* DATASET SECTION:
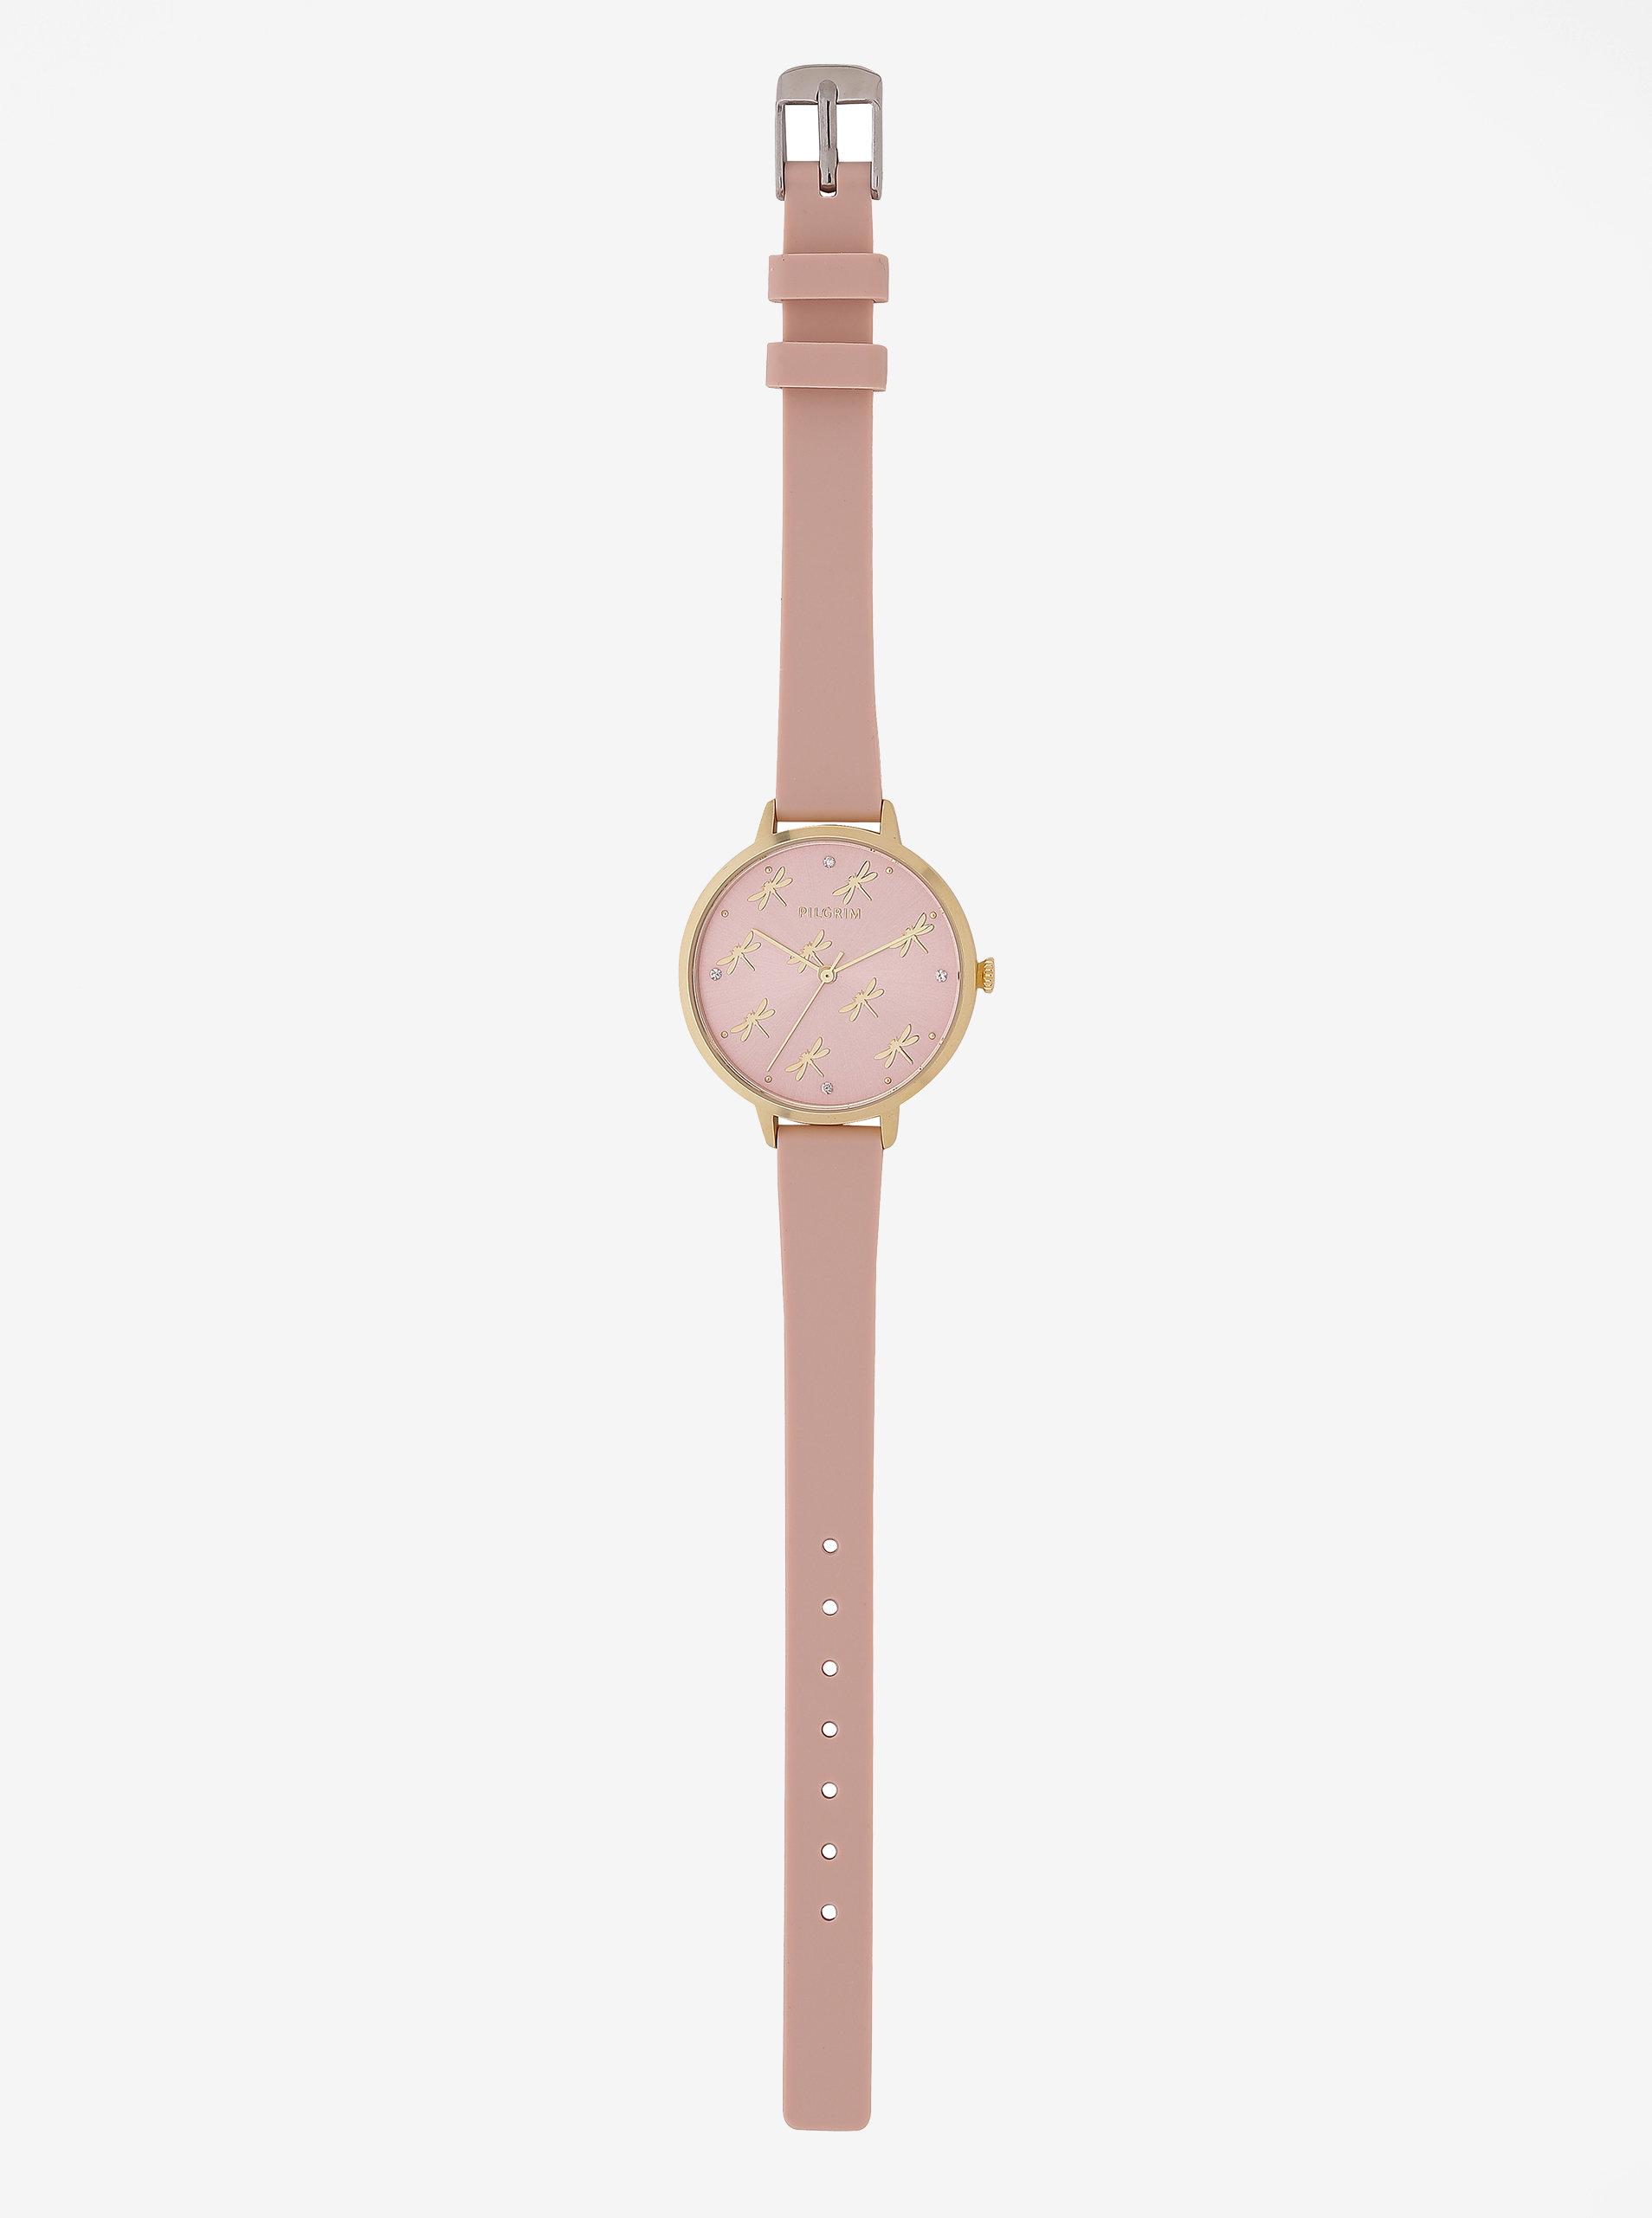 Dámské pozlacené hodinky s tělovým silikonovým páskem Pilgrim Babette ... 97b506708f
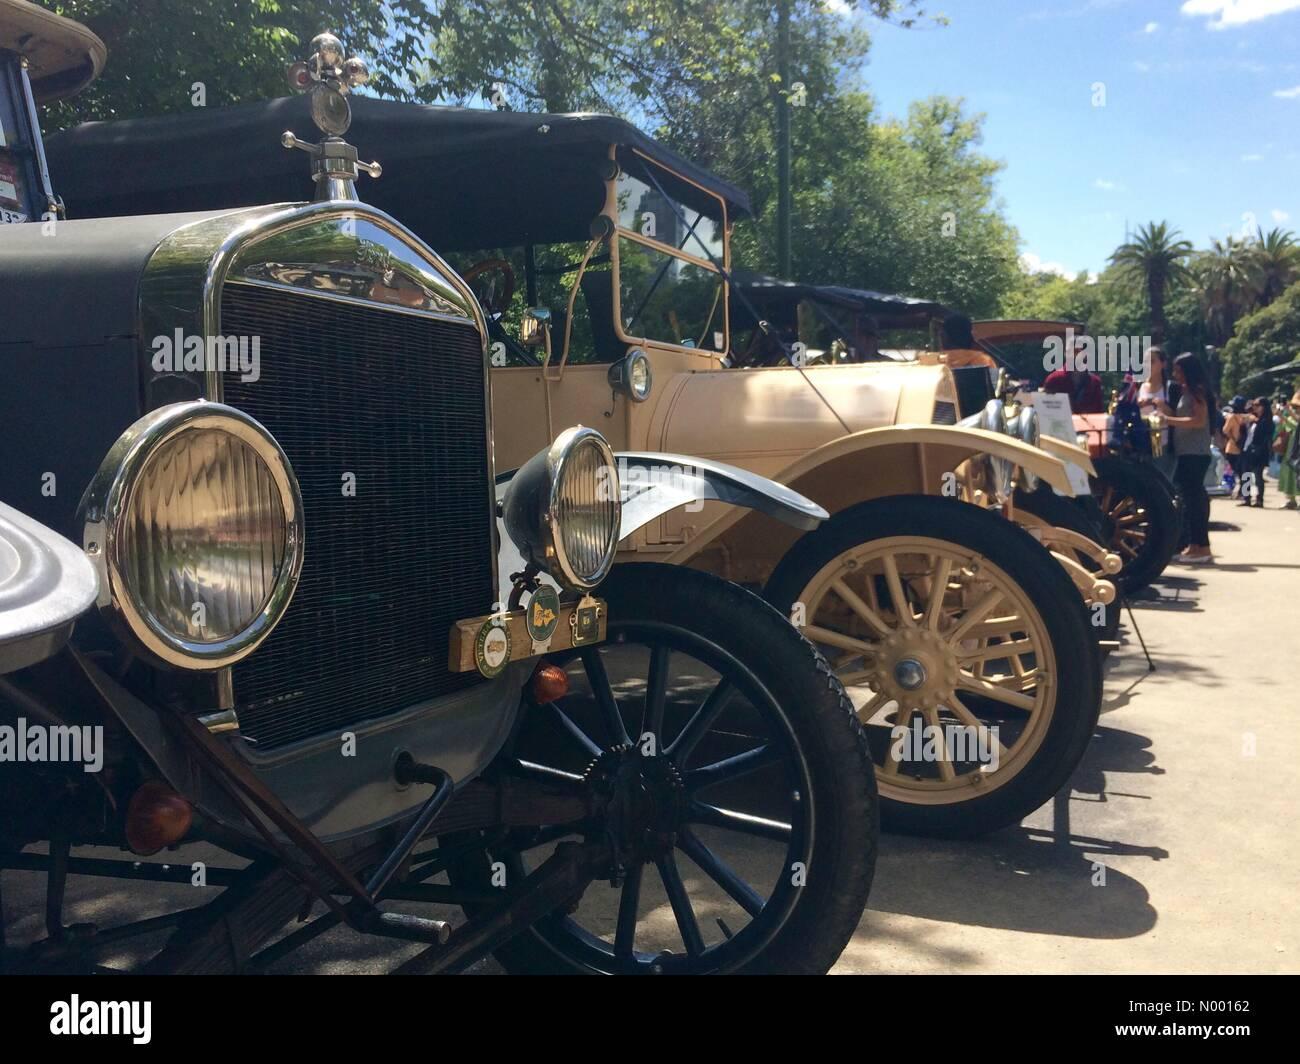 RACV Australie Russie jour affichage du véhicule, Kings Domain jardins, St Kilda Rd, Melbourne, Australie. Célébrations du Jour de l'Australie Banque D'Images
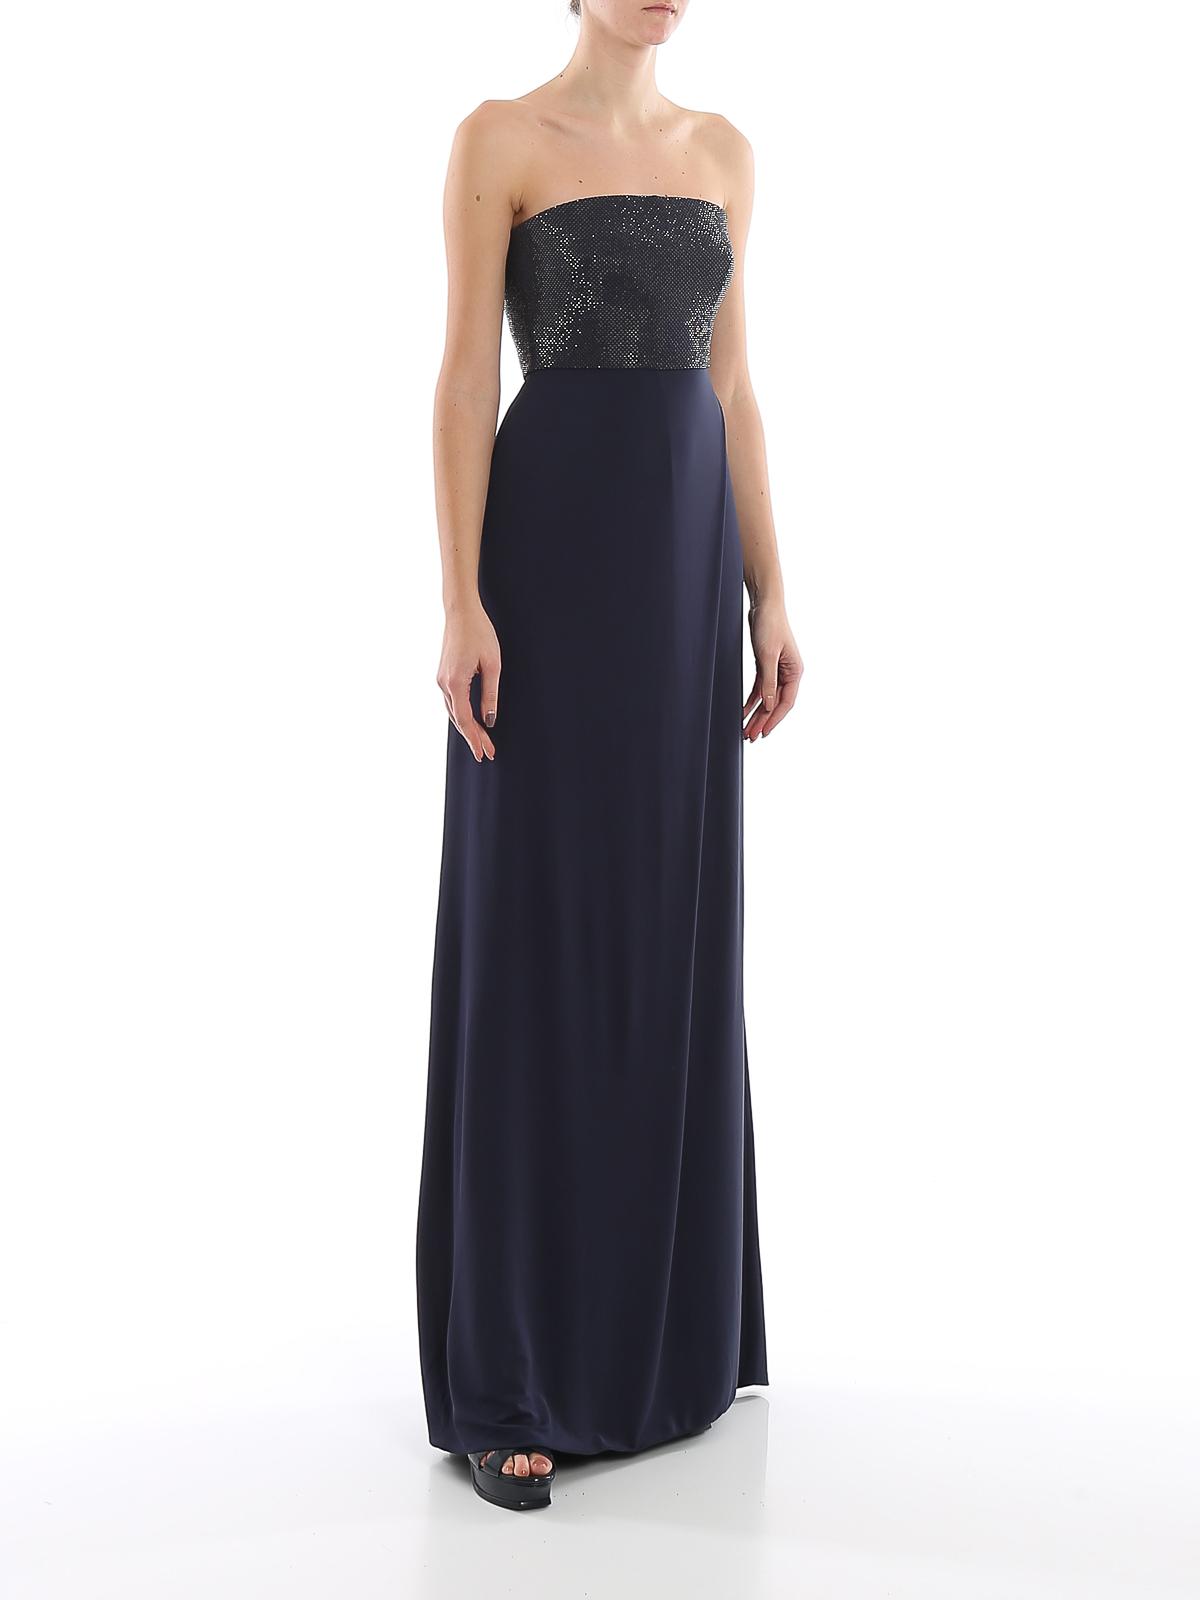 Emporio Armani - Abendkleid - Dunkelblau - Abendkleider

* PROBLEM STATEMENT:
Please give the data again in full, exactly as written, but without any images.

* RESPONSE FOR THIS EXERCISE:
 Dámské pozlacené hodinky s tělovým silikonovým páskem Pilgrim Babette ... 97b506708f
 RACV Australie Russie jour affichage du véhicule, Kings Domain jardins, St Kilda Rd, Melbourne, Australie. Célébrations du Jour de l'Australie Banque D'Images
 Emporio Armani - Abendkleid - Dunkelblau - Abendkleider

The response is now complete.